** Data section follows **
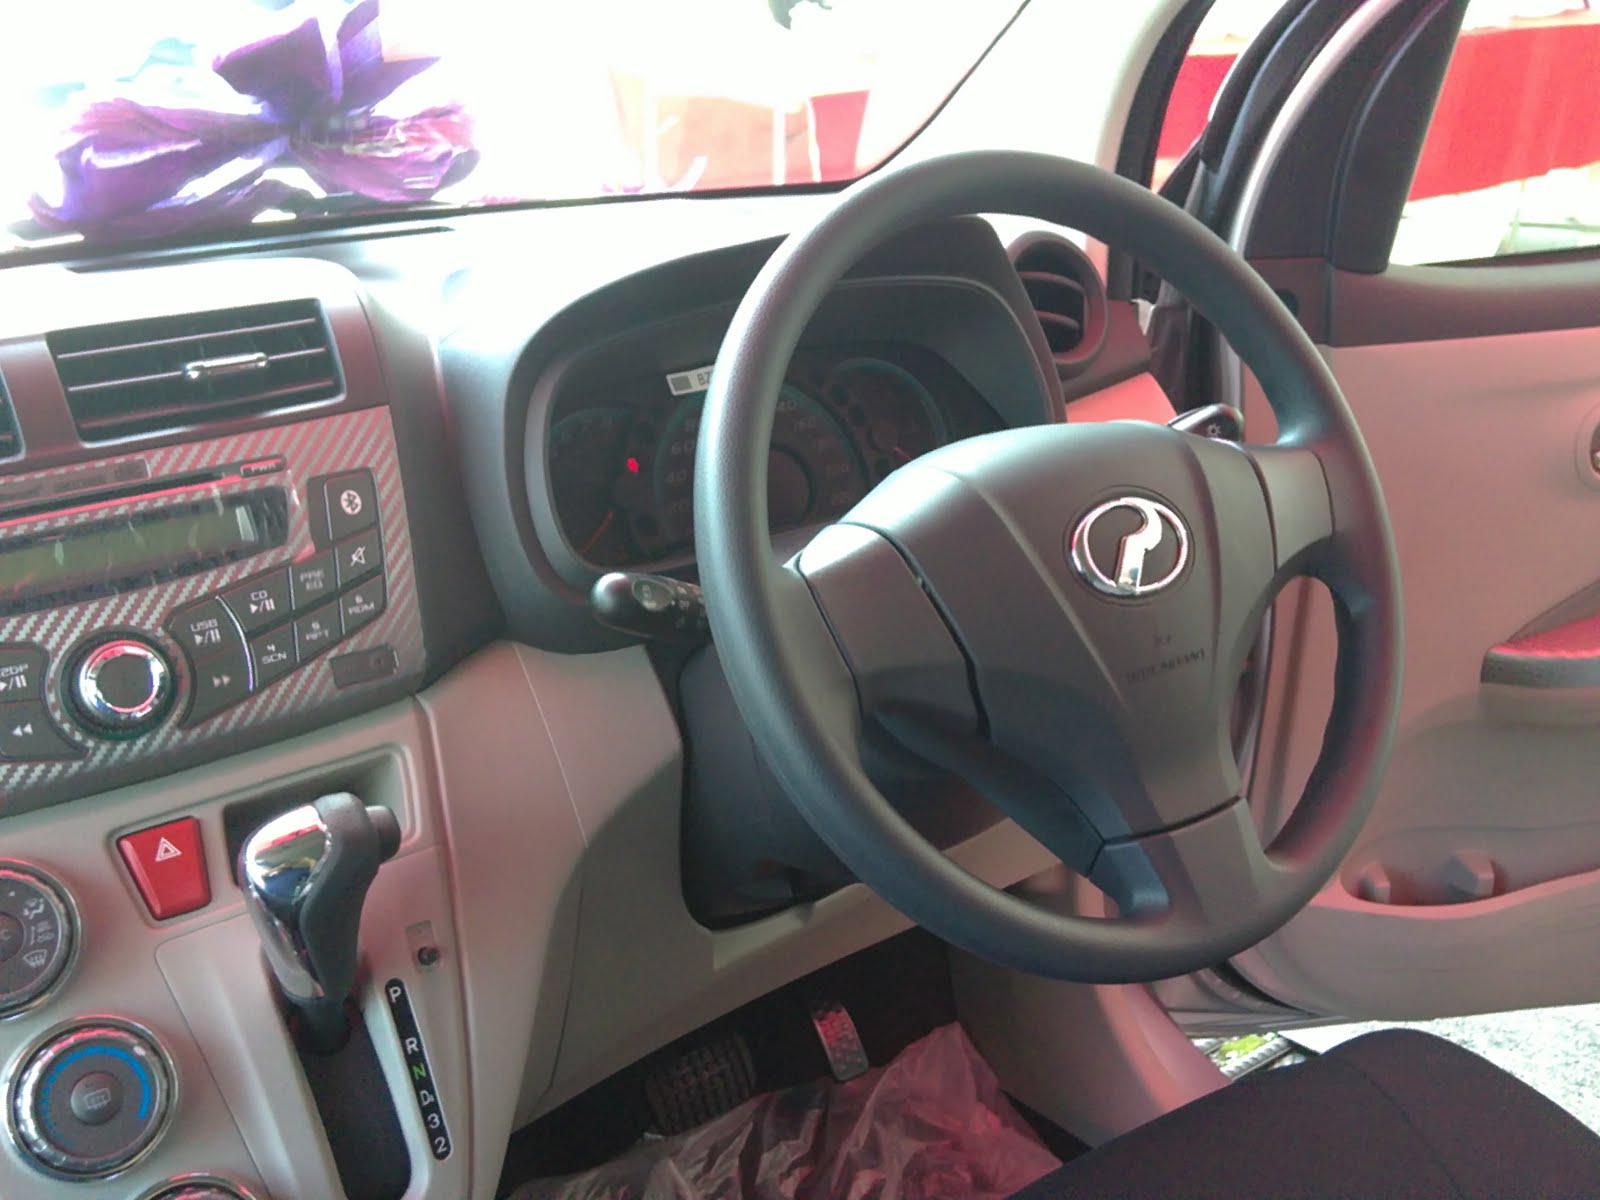 Motoring-Malaysia: The New Perodua Myvi: Pictures and Opinion
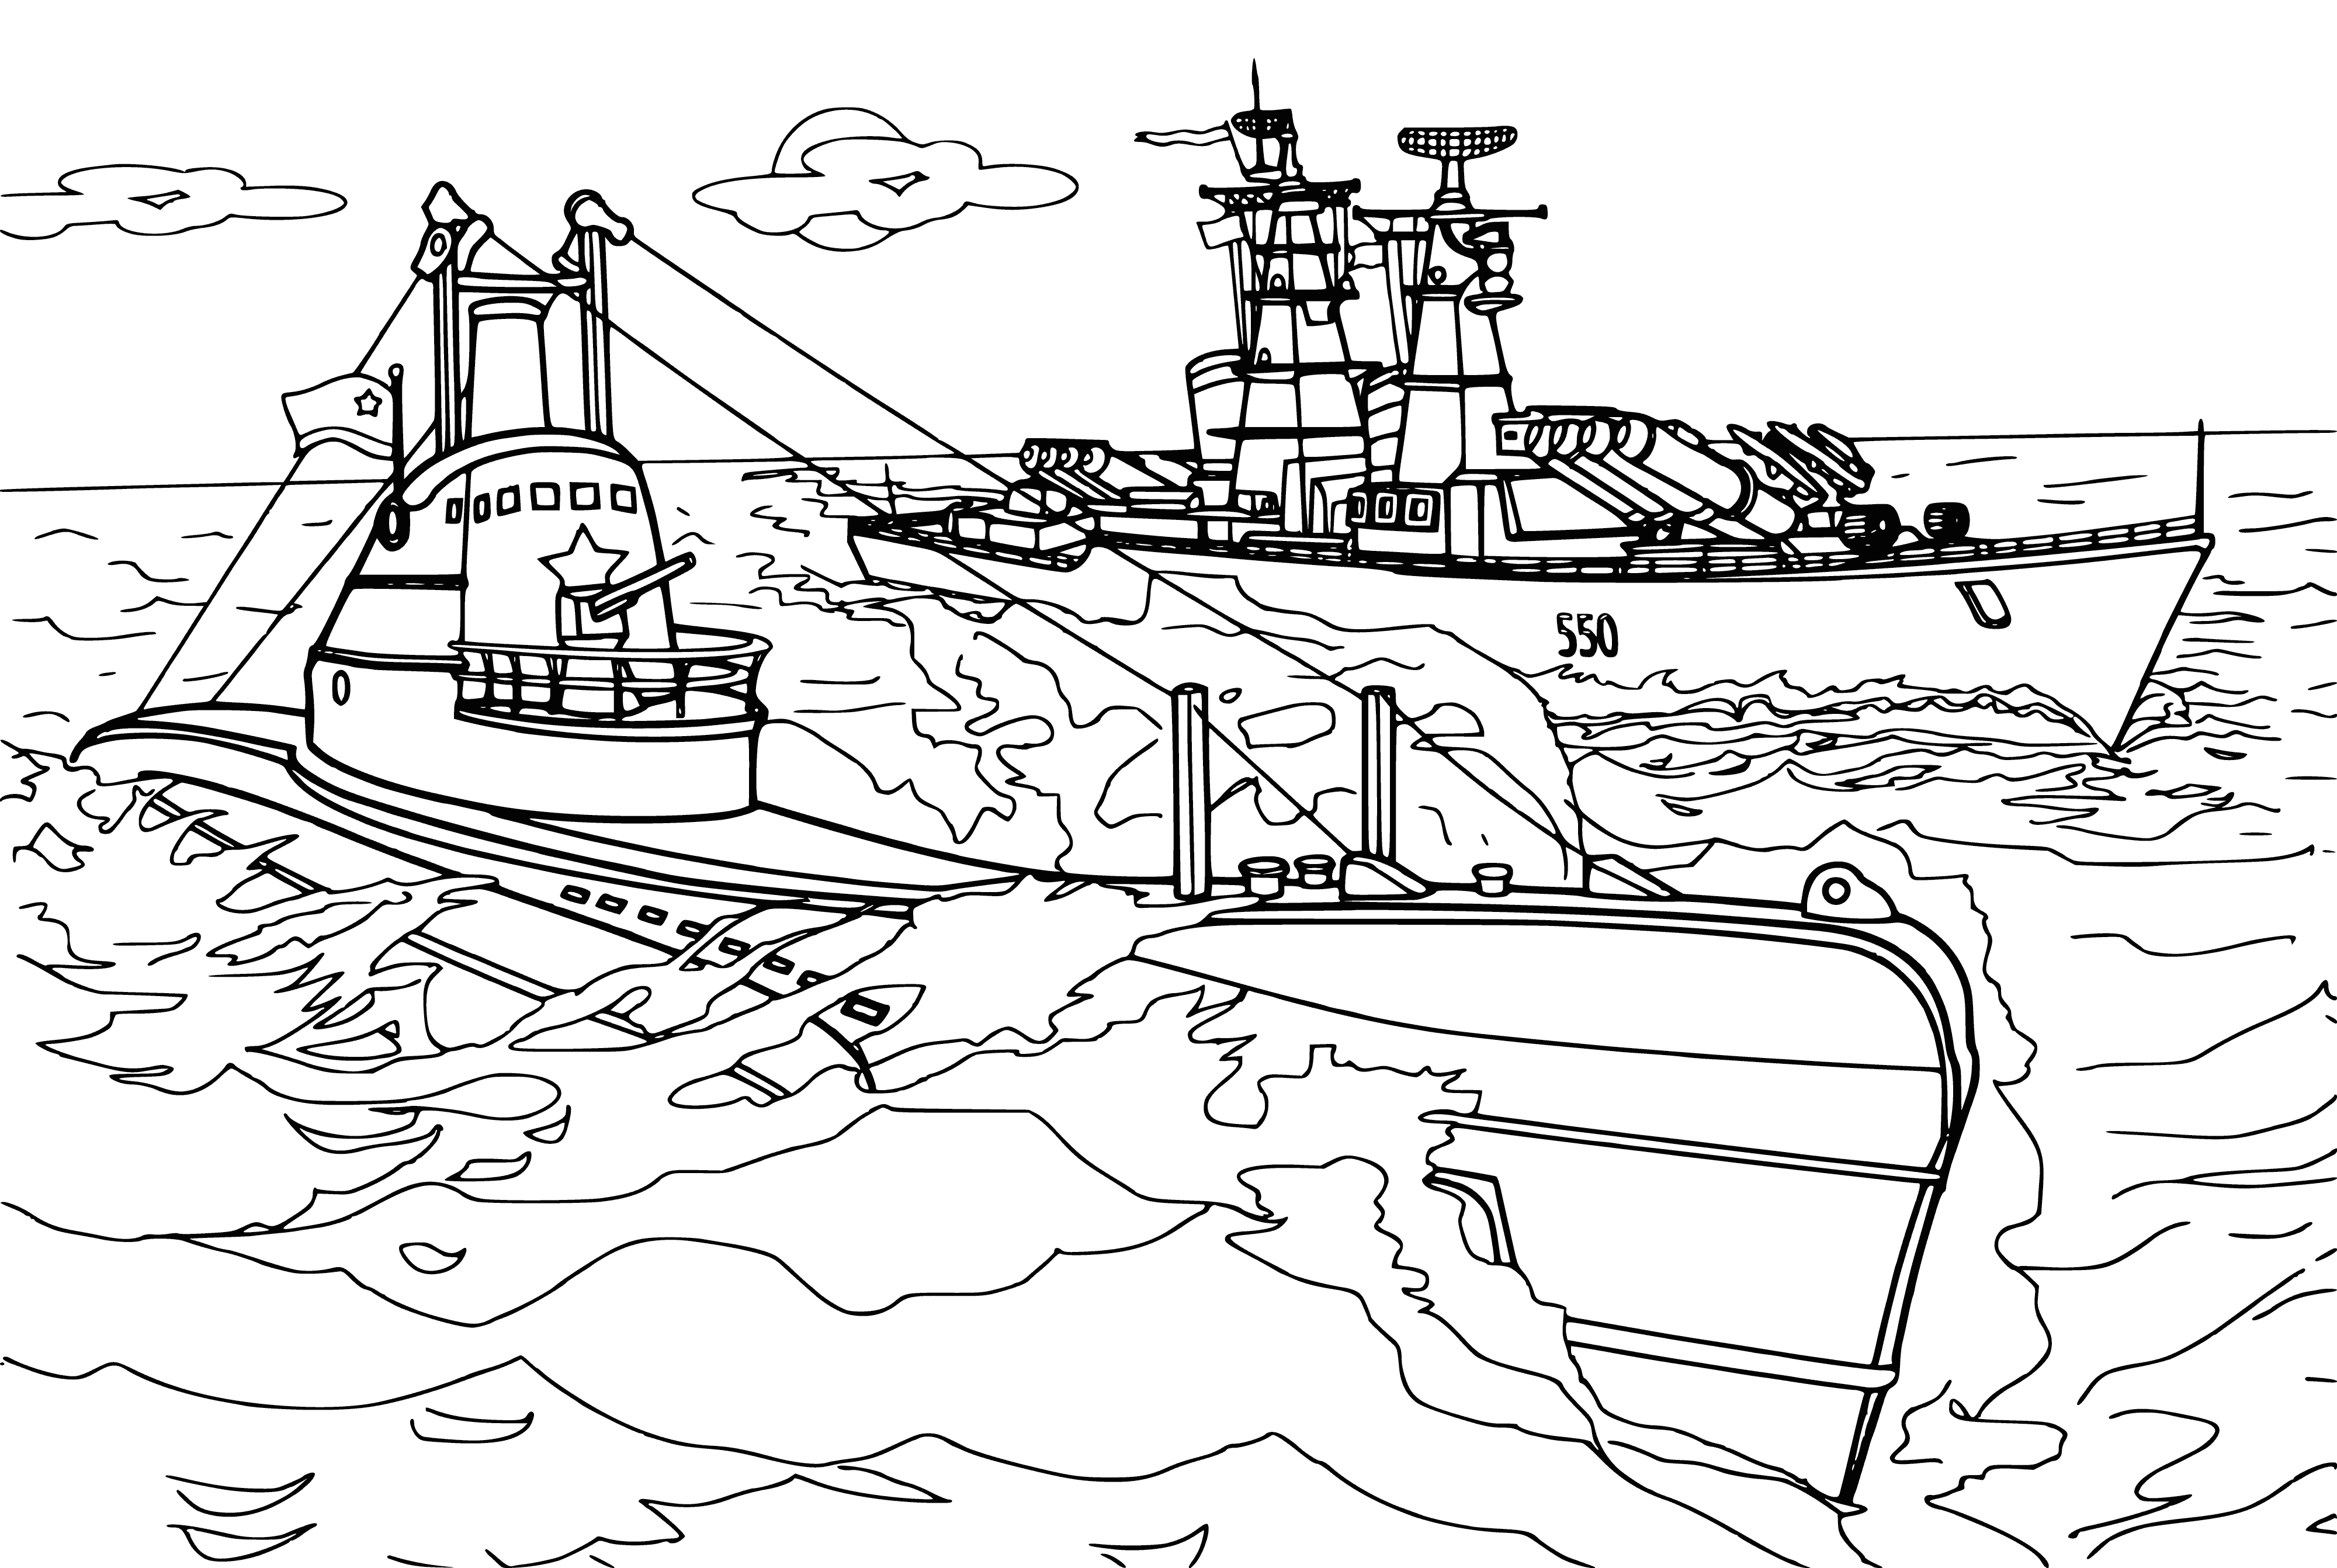 coloring page: Submariner coloring page: a gray sub w/ green & brown camo, a conning tower, & six torpedo tubes on each side. It appears to be surfaced.
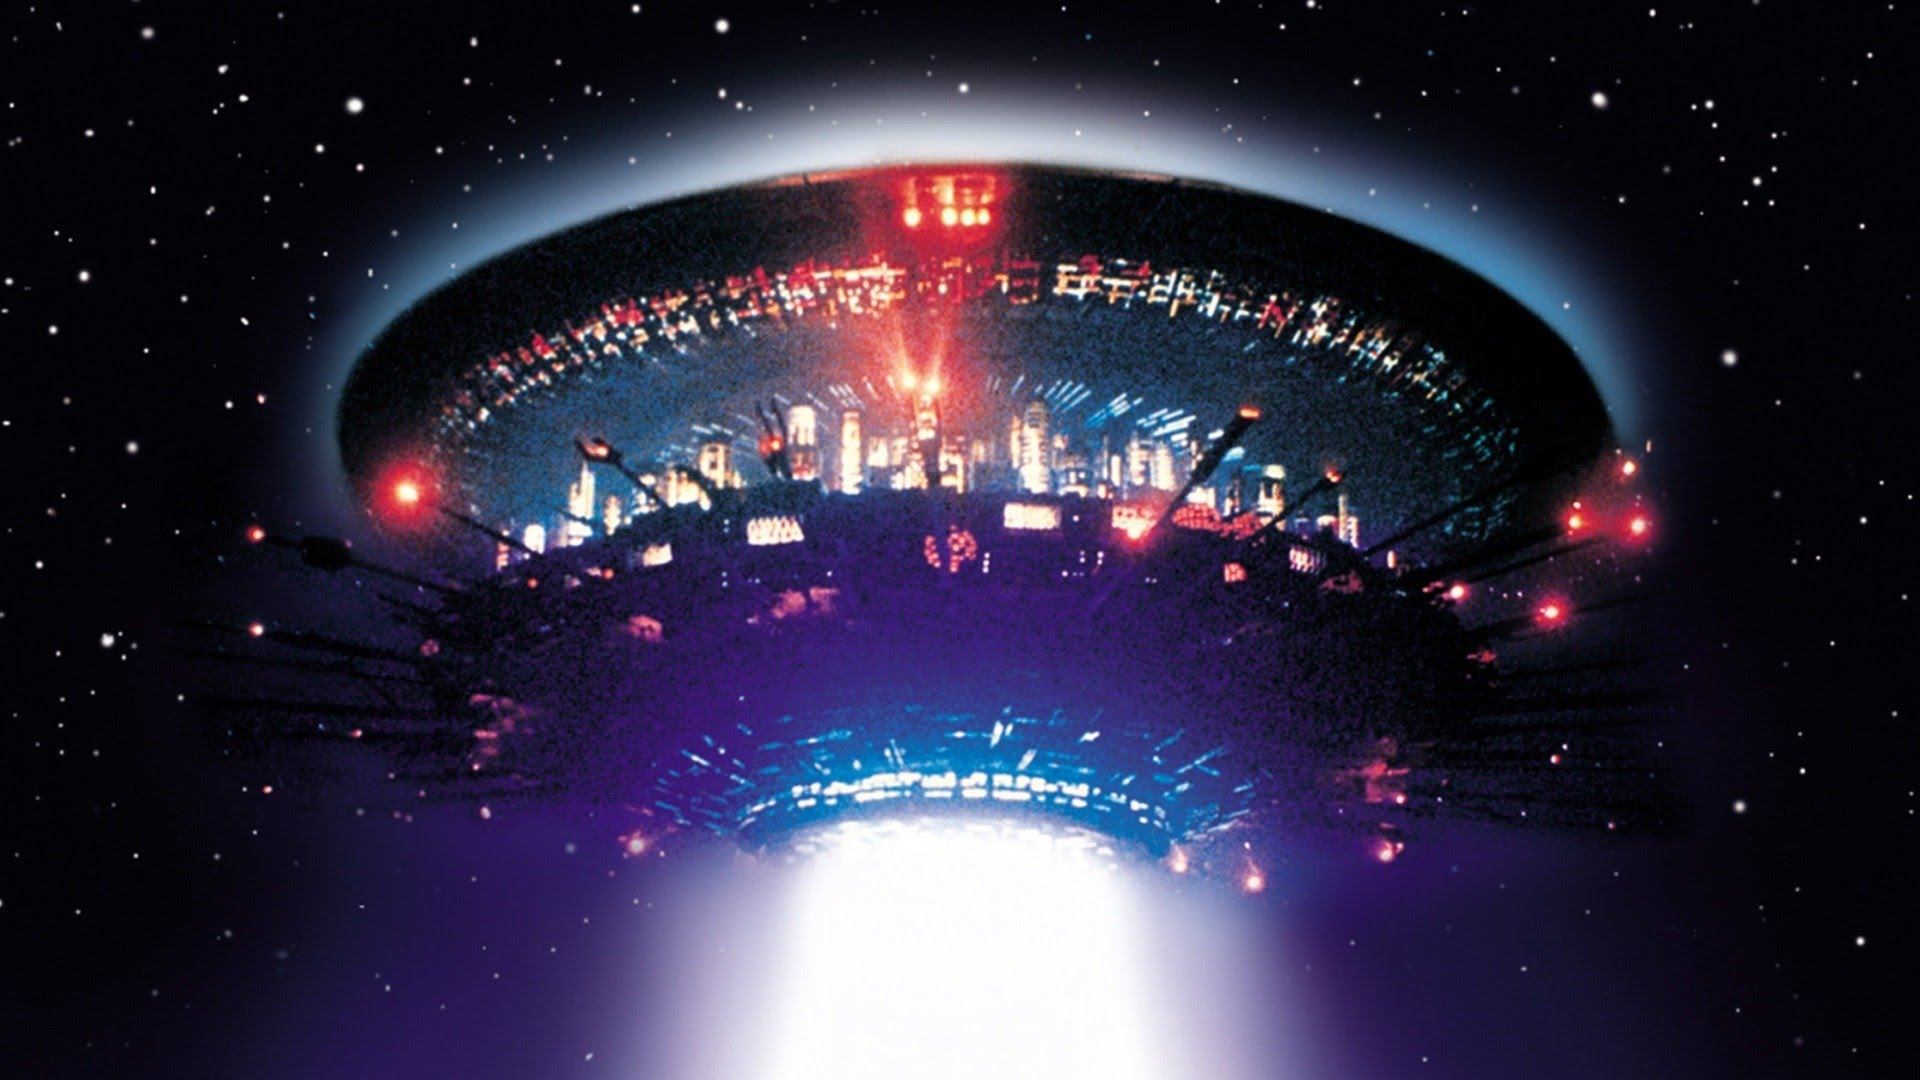 A spaceship, shaped like a tall circular stack, with lights surrounding it on all sides
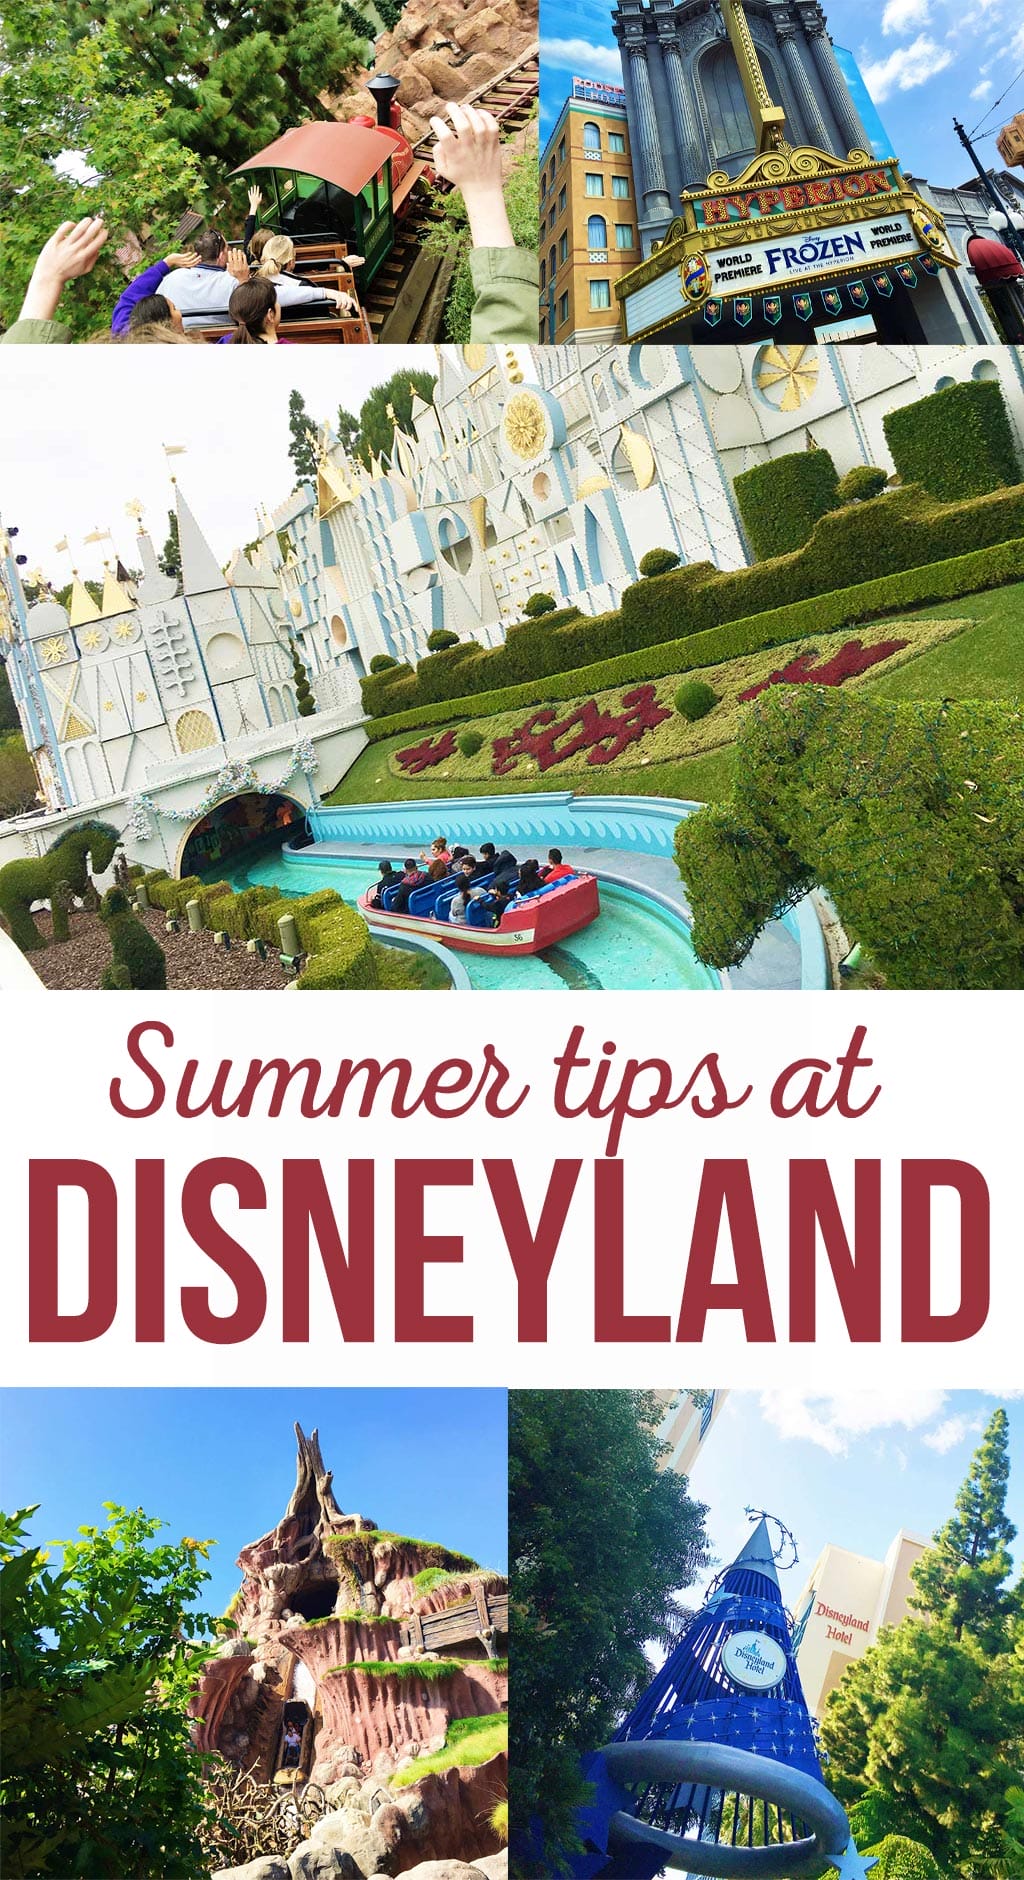 Find out how to beat the heat at Disneyland during summer. Learn about the best rides, treats and tricks for staying cool on a hot day.
** End of Data section **
▶ [What is expected]: Omit the pictures, and quote the material above exactly as given.

▶ [Response to the task]:
 Motoring-Malaysia: The New Perodua Myvi: Pictures and Opinion
 coloring page: Submariner coloring page: a gray sub w/ green & brown camo, a conning tower, & six torpedo tubes on each side. It appears to be surfaced.
 A spaceship, shaped like a tall circular stack, with lights surrounding it on all sides
 Find out how to beat the heat at Disneyland during summer. Learn about the best rides, treats and tricks for staying cool on a hot day.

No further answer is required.